I tried to print the shell and environment variables using the following command:

set

But these variables were not in the list.

So basically these variables are not considered to be shell/environment variables, right? (even though to output them, you have to precede them with a $, like you do with shell/environment variables)

  • 3
    The positional parameters are not variables. You cannot export 3 to turn $3 into an environment variable. You cannot unset 3; and you cannot assign $3 a new value using 3=val. – Kaz Oct 26 '17 at 7:49
25

Variables are one of three distinct varieties of parameters in shell.

  1. A variable is a parameter whose name is a valid shell identifier; starts with _ or a letter, followed by zero or more letters, numbers or _.
  2. The positional parameters are the numbered parameters $1, $2, ...
  3. The special parameters all have single-character names, and aside from $0, they are all various punctuation characters.

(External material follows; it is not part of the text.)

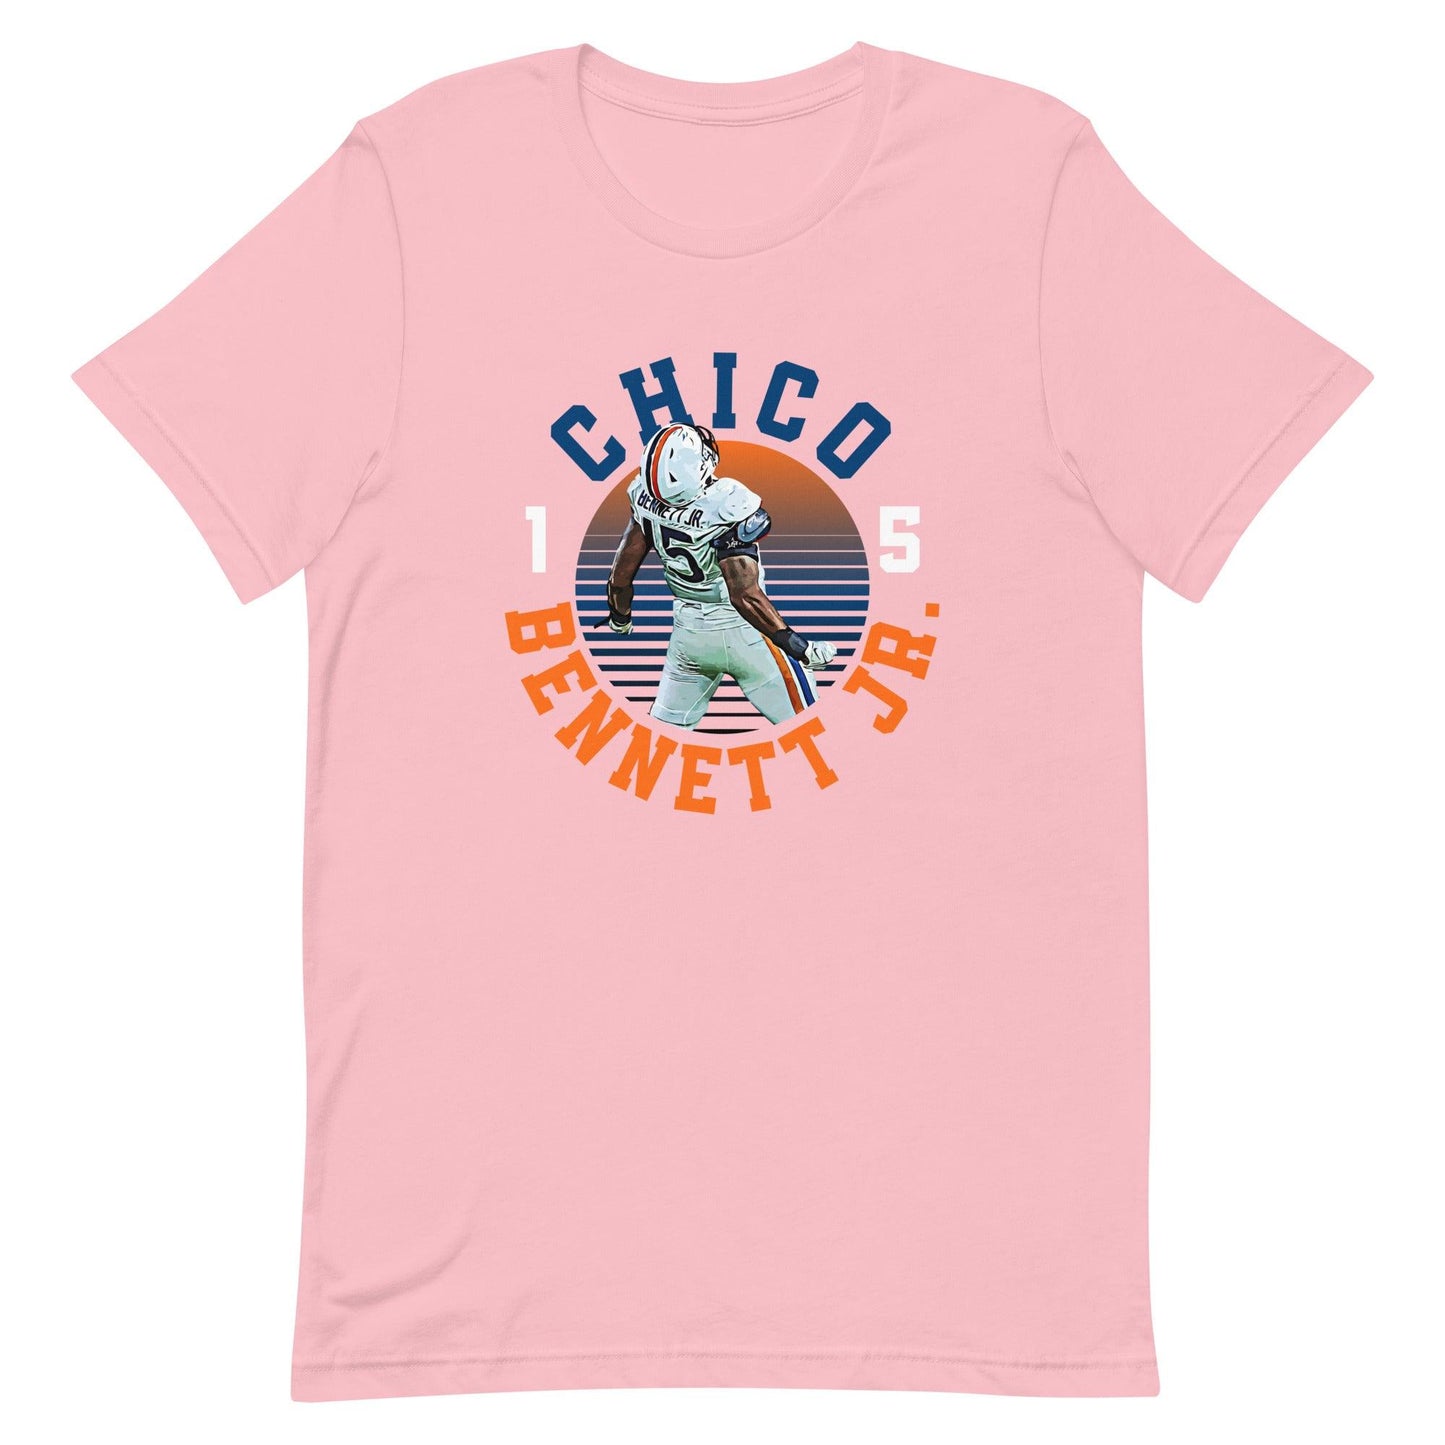 Chico Bennett Jr. "Gameday" t-shirt - Fan Arch

set only displays the shell's variables.

A subset of the shell variables are the environment variables, whose values are either inherited from the environment when the shell starts up, or are created by setting the export attribute on a valid name.

  • 1
    Note that set displays all parameters in zsh (not $1, $2... but $*, $@) and the functions in bash and bosh. Some shells like ksh93 and older versions of dash output env vars that were not mapped to shell variables. (env 1=foo ksh -c set would print 1=foo) – Stéphane Chazelas Oct 26 '17 at 14:46
11

Environment Variables vs Positional Parameters

Before we begin discussing $INTEGER type of variables, we need to understand what they really are and how they differ from environment variables.Variables such as $INTEGER are called positional parameters. This is described in the POSIX (Portable Operating System Interface) standard, section 2.1 (emphasis mine):

  1. The shell executes a function (see Function Definition Command), built-in (see Special Built-In Utilities), executable file, or script, giving the names of the arguments as positional parameters numbered 1 to n, and the name of the command (or in the case of a function within a script, the name of the script) as the positional parameter numbered 0 (see Command Search and Execution).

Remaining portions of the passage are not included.